Facts And Figures I Liked About Realty Income (O)
- Large-cap stock with a market capitalization above $29 billion.
- Wide diversification with a portfolio of over 6,500 properties under long-term net lease agreements.
- S&P credit rating A-
- The portfolio consists of retail standalone properties (not malls).
- Attractive dividend yield of 4.6%
- 93 quarterly dividends increases (23 years)
- Great past returns and performance.
- The company received 93.6% of the rent in December despite Covid-19
- Did I mention it pays monthly dividends???!!!
So to conclude, is Realty Income the best REIT to own? Unfortunately, once again, I have no proper answer to this question. All I can say is that I feel confident about it. Being familiar with many of the top 20 tenants helps to build confidence, as these are strong businesses. To name a few: Sainsbury and Argos, Walgreens Boot, Walmart, Kroger, Home Depot, FedEx, and so on.
The €45K Project Fund
Another month has passed which means I saved more money as a non-smoker, cash that goes into my 45K Project Fund.
As we started a new year, it’s time to apply the corresponding price increase in tobacco. The duty rates for rolling tobacco increase a whopping 6% above RPI inflation, the same as the previous year.
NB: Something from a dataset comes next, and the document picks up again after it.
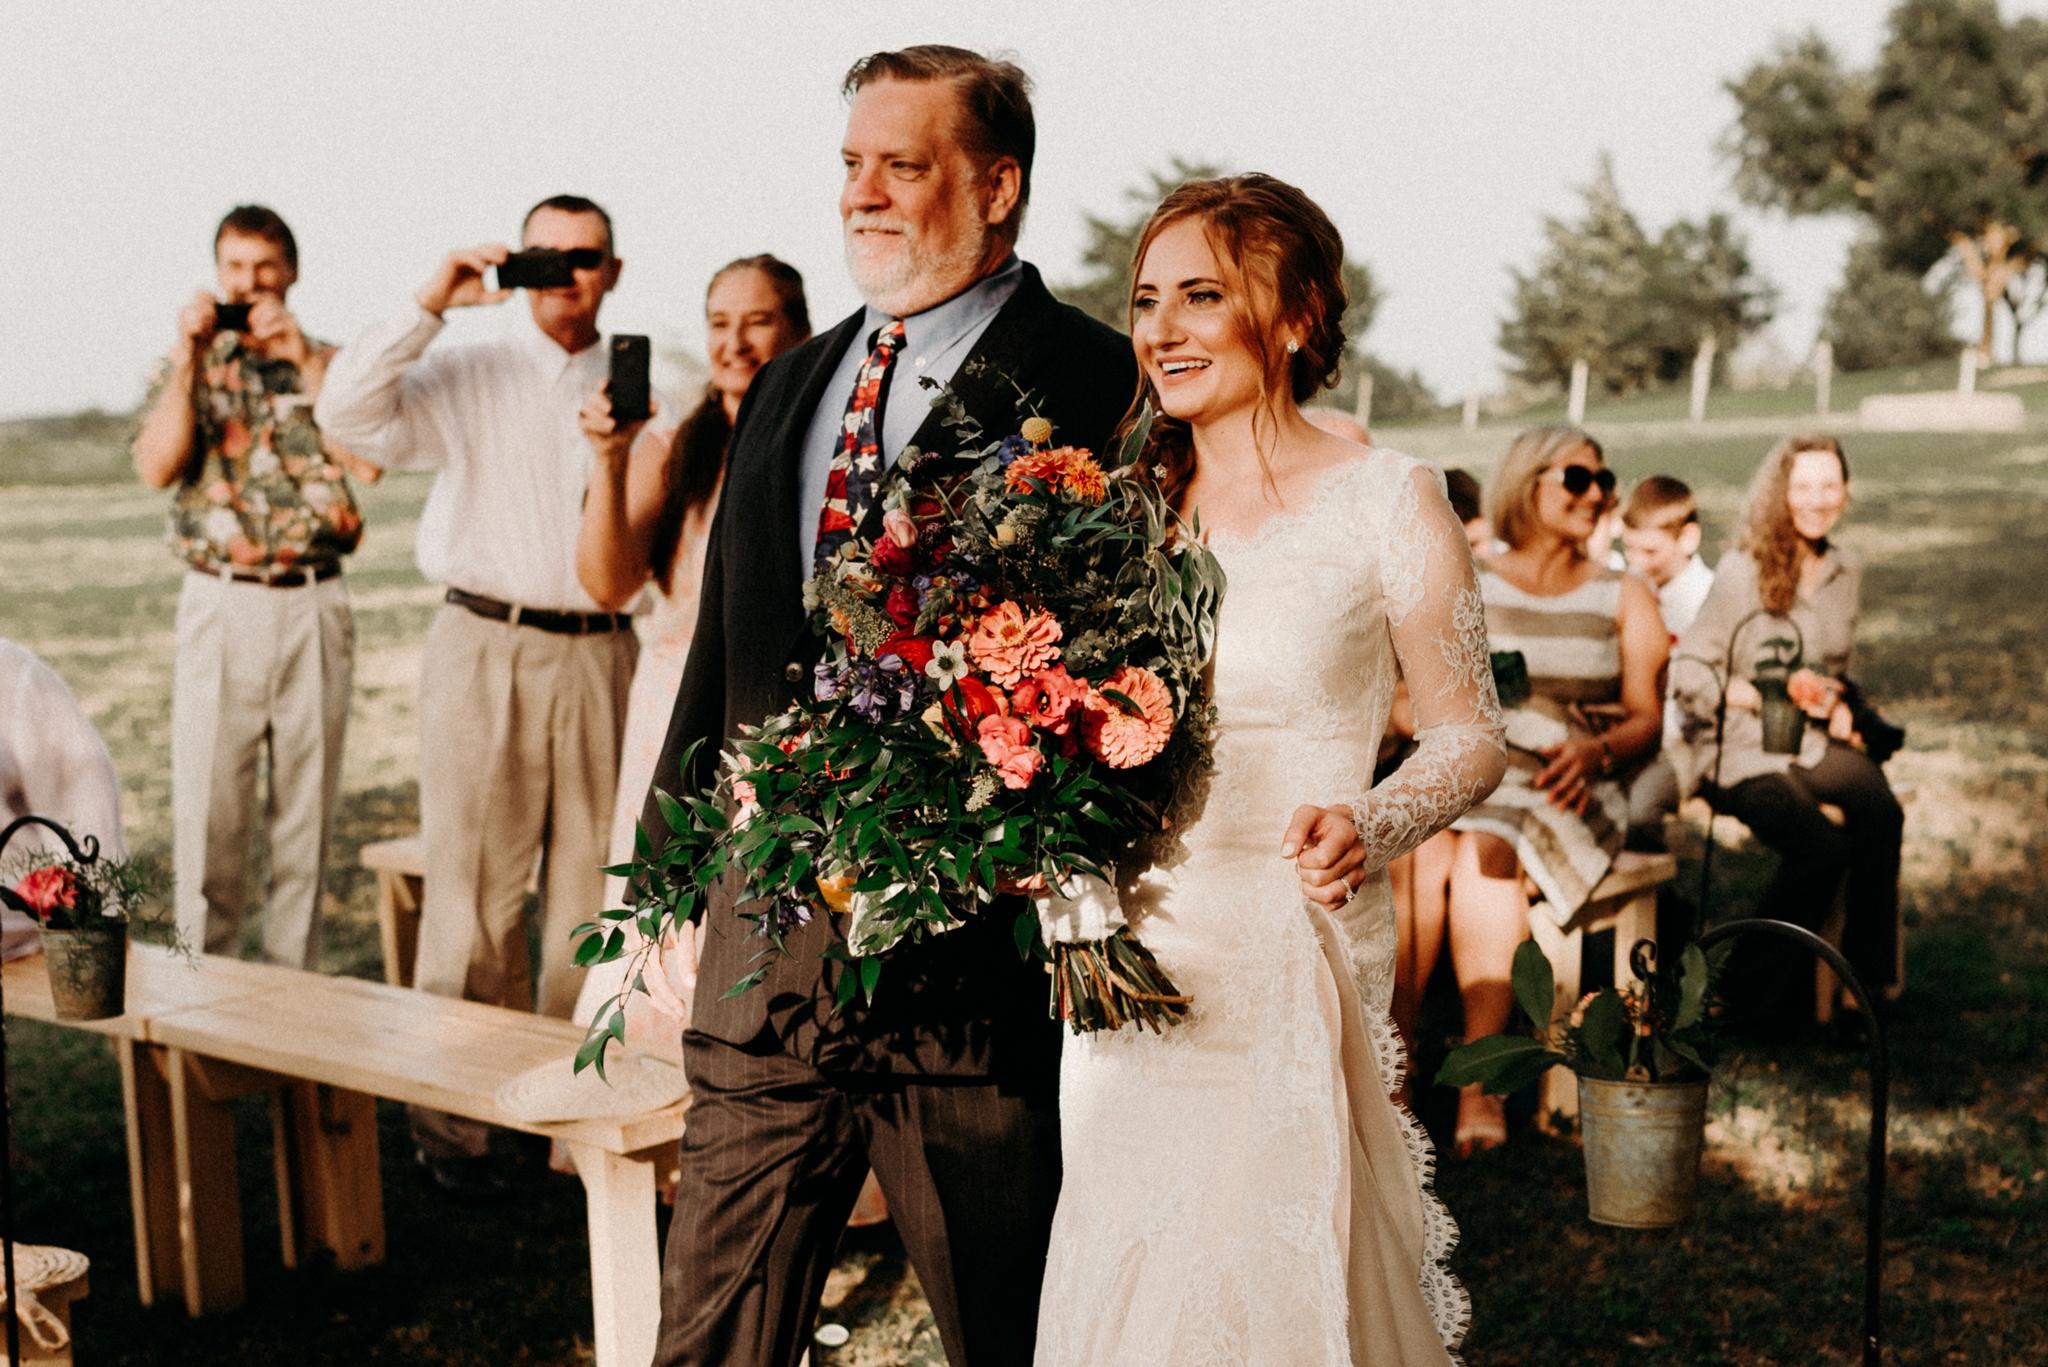 cottages-on-mill-creek-bohemian-floral-greenery-lakeside-intimate-houston-wedding-kerlyn-van-gelder-photography-wedding-photographer

The RPI inflation for 2020 is 1.5% if I am not wrong, which means that If I were a smoker today, I’d be spending 58 EUR, which is 4 EUR more than last year.
To round it all up I will increase my monthly contribution to the 45K Project Fund to 60 EUR a month from now on.
I am still struggling to invest new contributions as Abundance Investment has gone quiet and Qardus offer a low amount of funding projects which become fully funded before I got a chance to invest.
So far The 45K Project Fund consists of:
- Abundance Investment: 1,140.7 EUR
- Kiva: 82.49 EUR
- Qardus: 344.9 EUR
- Cash: 125 EUR
So far, I have recovered 3.76% of my loss = 1,693.09 EUR
43,306.91 EUR left to go.
Goals and Habits 2021
It’s time to have a look at how I am doing with my 2021 goals and habits for 2021.
This time, all my goals are measurable so the same as last year I’ve built a table to keep an eye on the progress.
I could have had a better start in regard to my 2021 goals. I started the year paying a lot more attention to work which affected the results.
I injured my left foot during a run, so I’ve been unable to keep that habit which has largely impacted the number of steps I make. I also notice my stress levels increasing. My foot is much better now, but I fear it will start hurting again if I push for a run too early.
I recently discovered the Peloton app. Some folks on Twitter recommended it, so I decided to give it a go and signed up for the 30 days trial. I have not stopped using it since day one. I am doing all my weight lifting exercises (strength classes) and guided meditations using the app. It’s also helpful to keep track of workouts and how much you train which becomes handy for my goal tracking purposes. It costs £12.5 a month in the UK, which I think it’s well worth the money considering a gym membership costs no less tan £20. If you are also in Peloton you may meet me in one of the classes as a 1millionjourney. 6 pack abs, I am coming for you! 😉
The book I read this month was The 7 Habits Of Highly Effective People by Stephen R. Covey. A bit boring and tough to read, but it contains valuable insights. In case you wonder what these 7 habits are, I am going to write them down for you so you can decide whether it may be a book you would be interested in reading it.
- Be Proactive
- Begin With The End In
- Put First Things First
- Think Win/Win
- Seek First To Understand, Then To Be Understood
- Sharpen The Saw (Continuos learning)
This is it for this month, I hope you have a great month wherever you are and thanks for reading.